Devenue directrice adjointe d’une jeune et petite entreprise d’insertion, Pauline, 1.800€ net, ne compte pas ses heures : « facilement 9 à 10 heures par jour, parfois plus ! ». Mais elle s’accroche, grâce à cette sensation « d’être portée par un boulot passionnant et une réelle énergie en allant travailler même si ce n’est pas toujours facile ». Son adhésion au projet solidaire, et l’échelle des salaires plus resserrée que dans une PME classique, l’aident à oublier qu’elle pourrait gagner plus ailleurs.

En charge de l’accompagnement de personnes étrangères en situation irrégulière, Marion a choisi « un métier-passion » en lequel elle croit et « qui donne envie de se lever le matin ». Structure importante et revenus élevés ne vont pas forcément de pair : chez France Terre d’Asile, 550 salariés et 200 volontaires, elle est recrutée avec un niveau bac+5 à 1.388€ net. « Ce premier salaire est bas par rapport à mon niveau de qualification, à la difficulté du travail, aux responsabilités ». Par contre, l’association, reconnue pour recruter des jeunes pas toujours expérimentés, est un tremplin.

Et c’est aussi un des atouts de l’ESS pour les jeunes : ils occupent souvent des postes à responsabilités et acquièrent rapidement de l’expérience.

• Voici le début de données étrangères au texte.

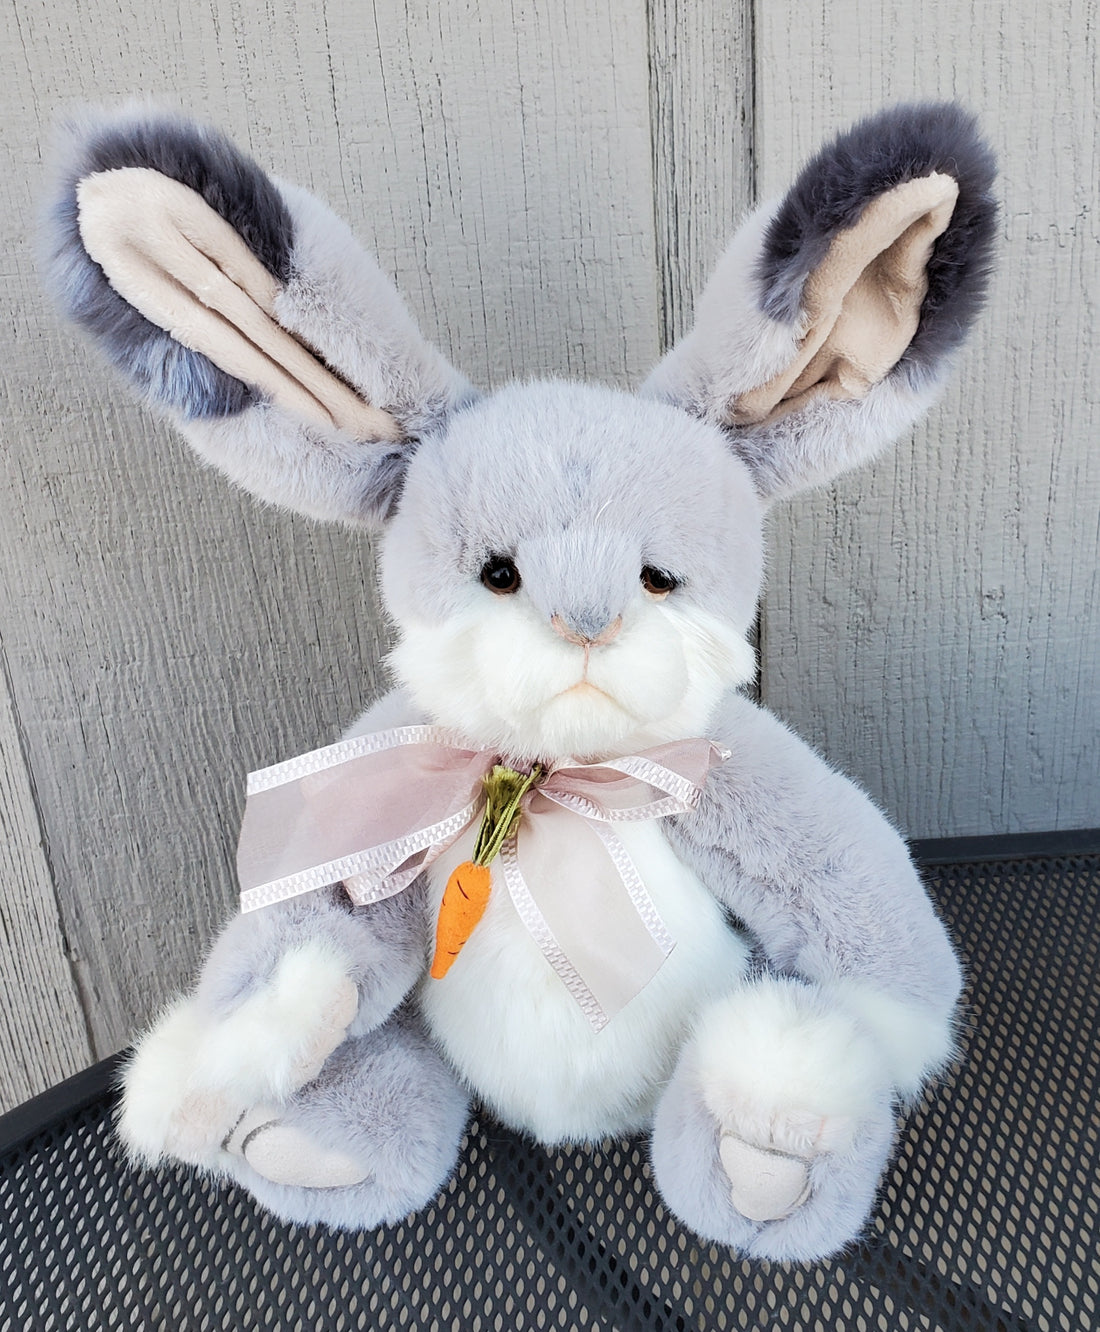 Cabbage Rose - 14" Ultra Soft Bunny by Charlie Bears

Pour Jean-Philippe Teboul d’Orientation durable, un premier emploi dans une jeune entreprise sociale offre une belle visibilité et permet de se former. « Les anciens de Veja, marque de baskets écolos, ont aujourd’hui de très beaux postes ! », explique-t-il par exemple.  Par contre, le spécialiste du recrutement conseille de refuser un salaire ne correspondant pas à ses attentes : « sinon vous risquez de partir au bout de 6 mois ce qui n’arrangera ni la structure ni vous ! »

Qualité de vie et sécurité 

Avec trois ans d’expérience, Antoine est responsable communication d’une association nationale et touche aujourd’hui 1.960€ net par mois avec, en plus, le 13ème mois. Pour lui, la qualité de vie au travail compte autant que la rémunération. « J’ai la chance de travailler en toute confiance, d’avoir plus de congés que la moyenne et d’organiser mon temps comme je le souhaite, sans contrainte d’horaires particuliers ». Autre point essentiel : la situation financière « sécurisante » de son association actuellereposant sur les cotisations des entreprises membres et non sur des subventions.

Peut-on espérer progresser rapidement ? Marion est devenue responsable de service chez France Terre d’Asile, avec un salaire plus conséquent, Paula attend une augmentation pour l’année prochaine – « j’ai confiance ! » – et Pauline a quitté son entreprise pour créer la sienne. Quant à Clara, elle est désormais chargée de mission dans une grande association et satisfaite de son revenu de 2.700€ net mensuel.